The United States has, in many cases, made military, not diplomatic, approaches its options of first resort. A critical look back at our attempts to bomb our way to peace (and teaching others to do the same), to contain/decapitate/undermine ideological enemies, has empowered the very anti-democratic forces we say we’re against—an inevitable result of demonizing and dehumanizing entire populations on the basis of whether or not their government’s actions comport with Washington’s agenda.
If the president truly wants to strengthen democracy internationally, it’s going to be extremely difficult when the US military bombs whomever it wants and continues to arm, partner, and train with anti-democratic regimes that instrumentalize the language of human rights to justify more militarism, violence, and oppression. It also doesn’t help that Biden’s Department of Justice (DOJ) continues to defend weapons sales to human rights abusers in court.

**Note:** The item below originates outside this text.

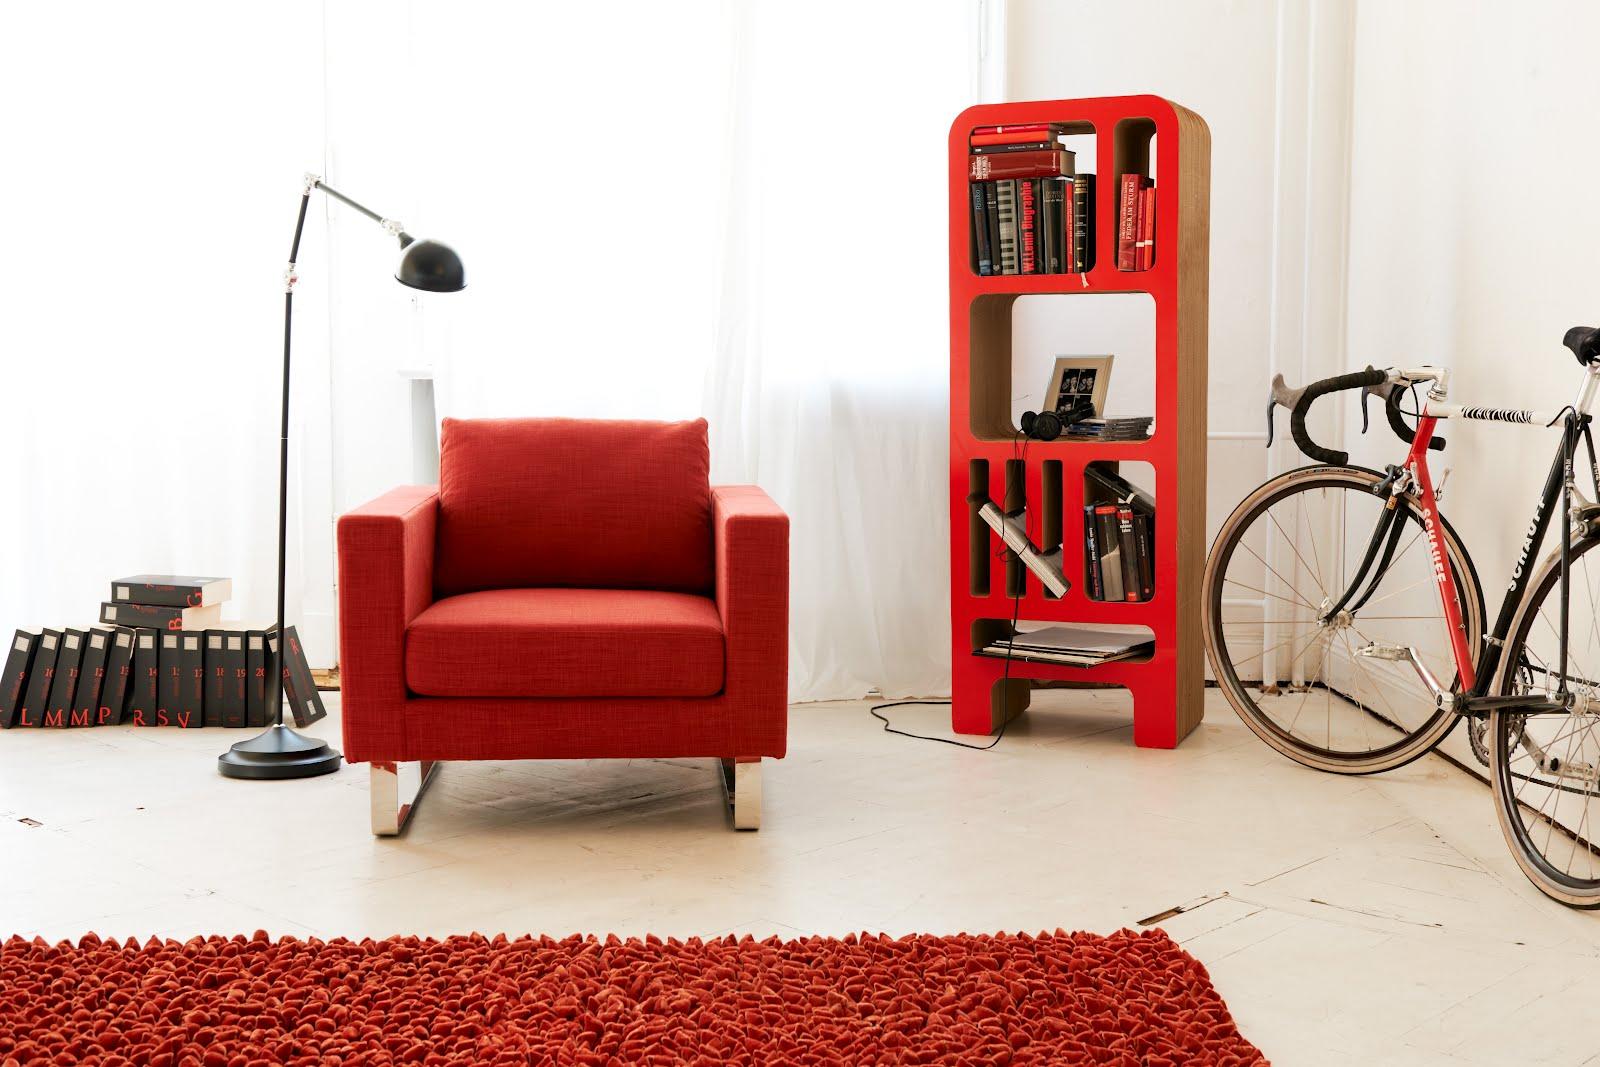 Interior design ideas some affordable furniture design for Affordable furniture outlet

If we’re going to lead by example, do it. I dare you.
If we’re going to actually rally democracies then it must be in pursuit of the world we need, not of the world the DC foreign policy establishment prefers. We must acknowledge that the traditional Manichean US foreign policy approach will not dismantle the power systems necessary to address the global challenges we face in the coming decades. Engaging in zero-sum economic and military competition with the Chinese government, for example, will sink, not uplift, the president’s project to revive democracy. So long as the US government frames competition between the two largest economies in the world as an ideological fight for who will govern the world, it will hamper cooperation on climate, and allow the Chinese government to frame even legitimate human rights criticism as imperial propaganda.
Focusing on discrediting nationalism (particularly ethnonationalism) as well as other tools of state violence like counterterrorism and countering violent extremism (CVE) would be a better, more timely, and more apt focus for the Biden administration if it wants to strengthen the power of pro-democracy activists around the world. But so long as the US only focuses on democracy and human rights as a means of punishing and shaming, it will fail to achieve any meaningful improvement in these areas. If Biden genuinely wants to win the contest against authoritarianism then his foreign policy must address the many ways the United States has empowered and continues to empower authoritarians and illiberal social movements around the world.